COLLECTED MATERIAL:
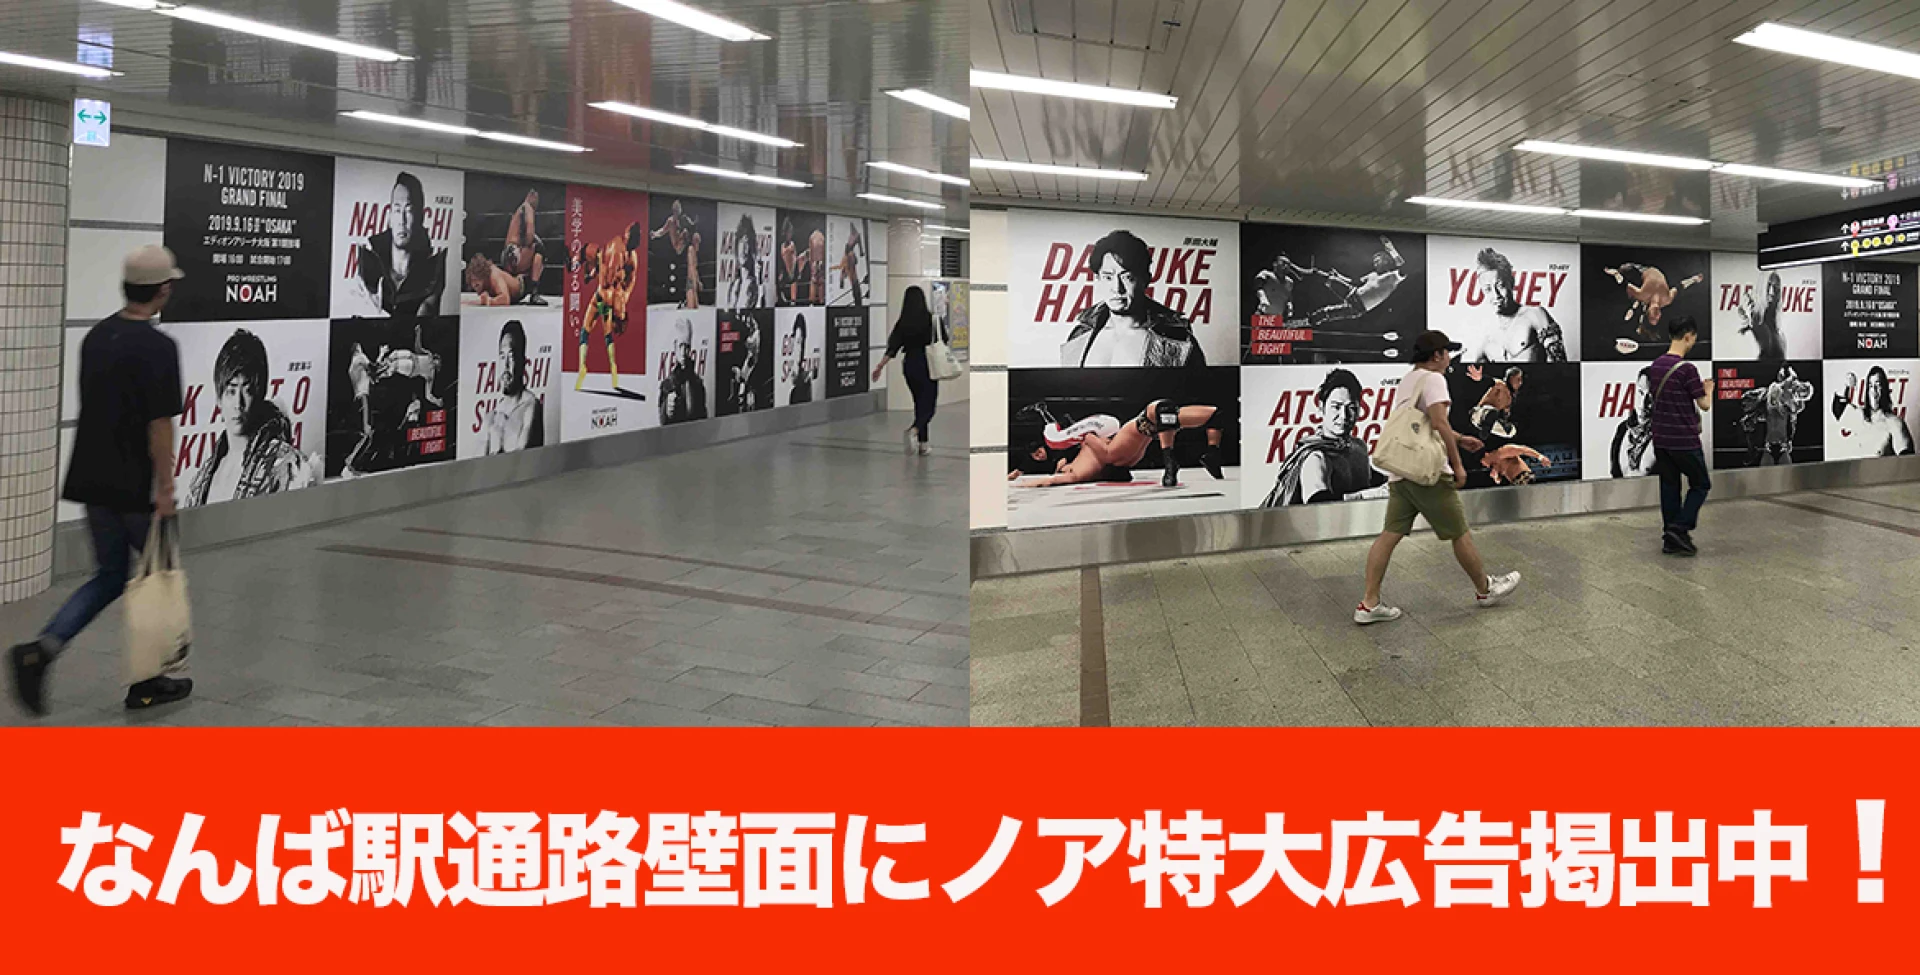 【ノア選手が壁一面に!?】大阪メトロなんば駅改札外に大型ポスター広告展開中!!
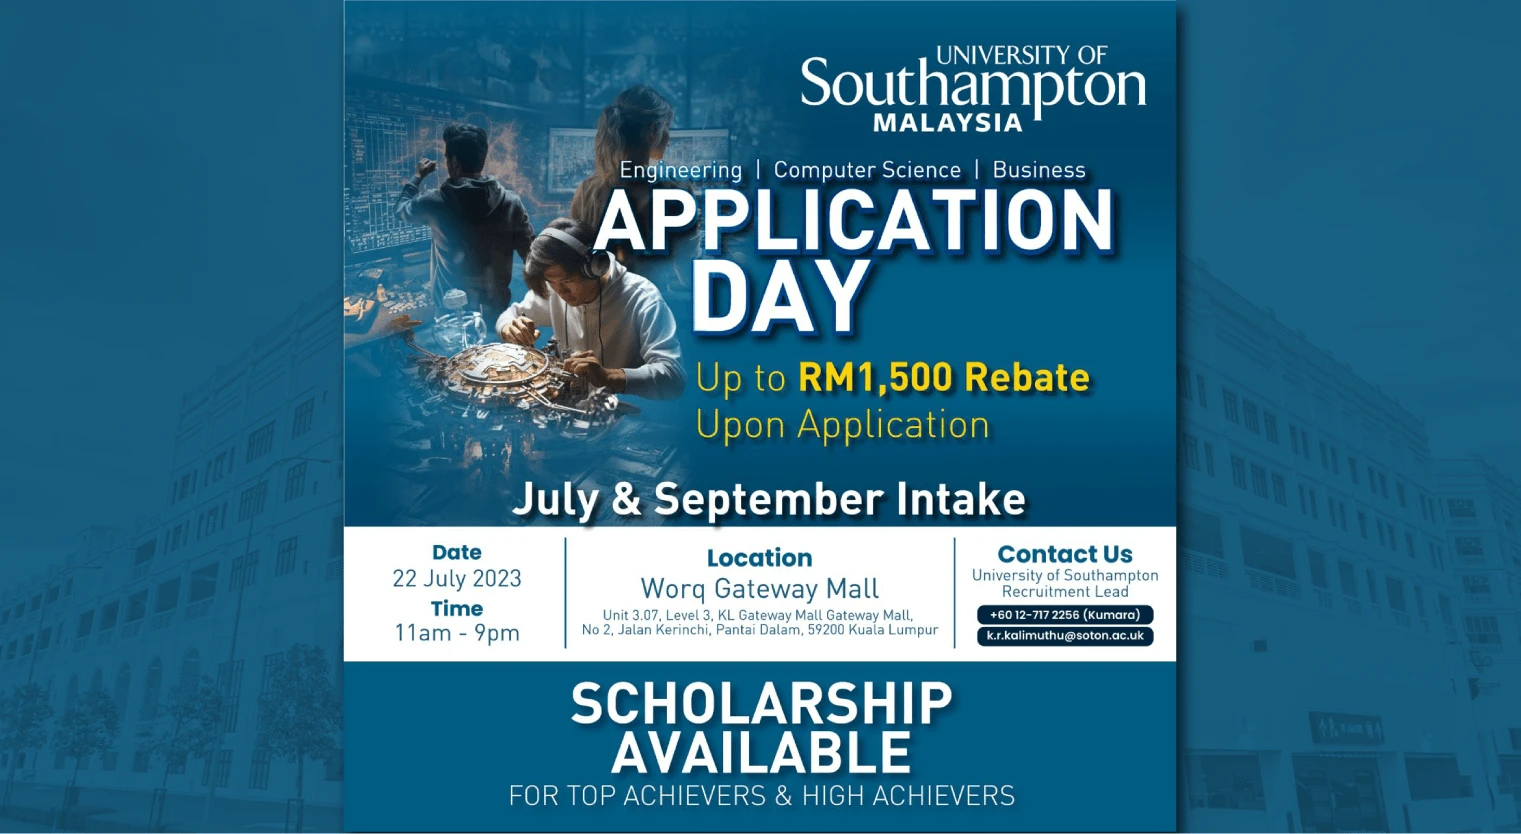 southampton-malaysia-uosm-application-day-22-july-2023
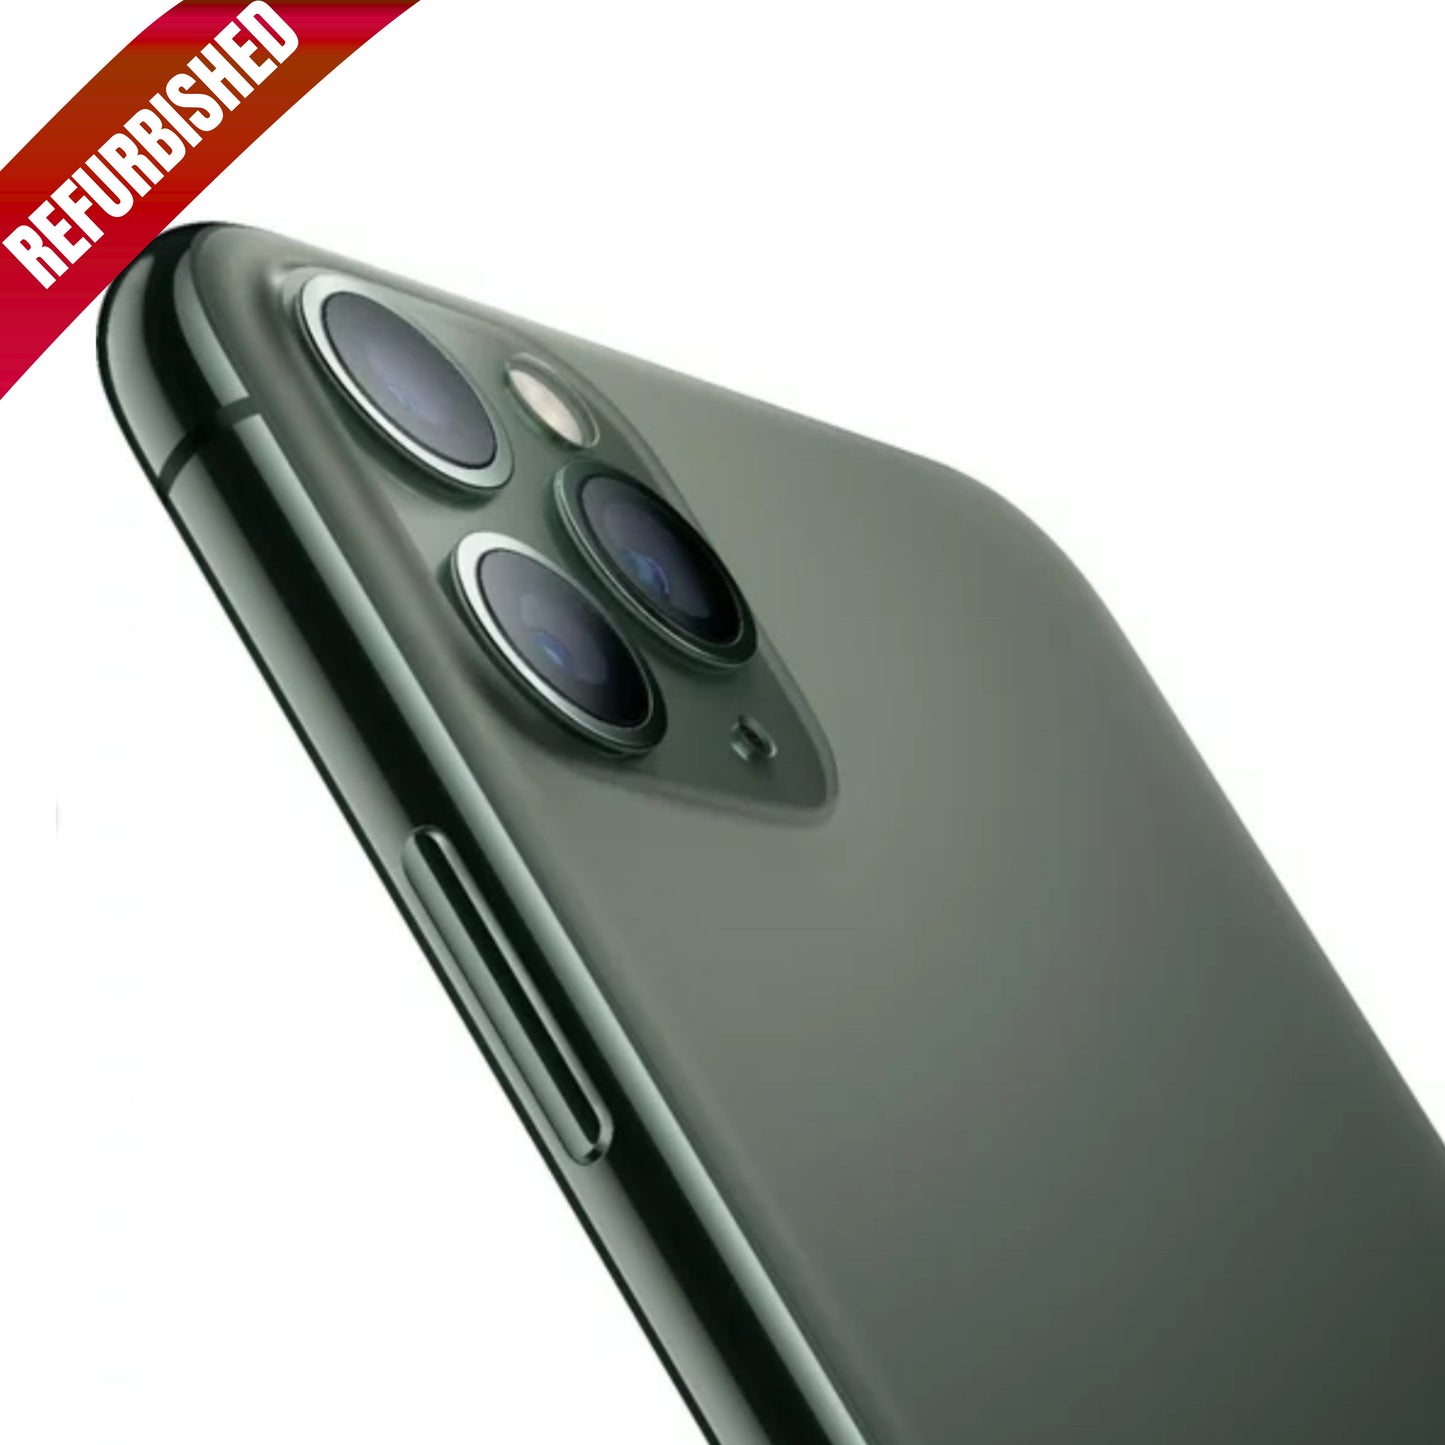 iPhone 11 Pro Max Verde Medianoche 256 GB (Desbloqueado) Reacondicionado

WORK INSTRUCTION: Exactly repeat the data above; the pictures do not belong in your copy.

EXERCISE OUTPUT:
 【ノア選手が壁一面に!?】大阪メトロなんば駅改札外に大型ポスター広告展開中!!
 southampton-malaysia-uosm-application-day-22-july-2023
 iPhone 11 Pro Max Verde Medianoche 256 GB (Desbloqueado) Reacondicionado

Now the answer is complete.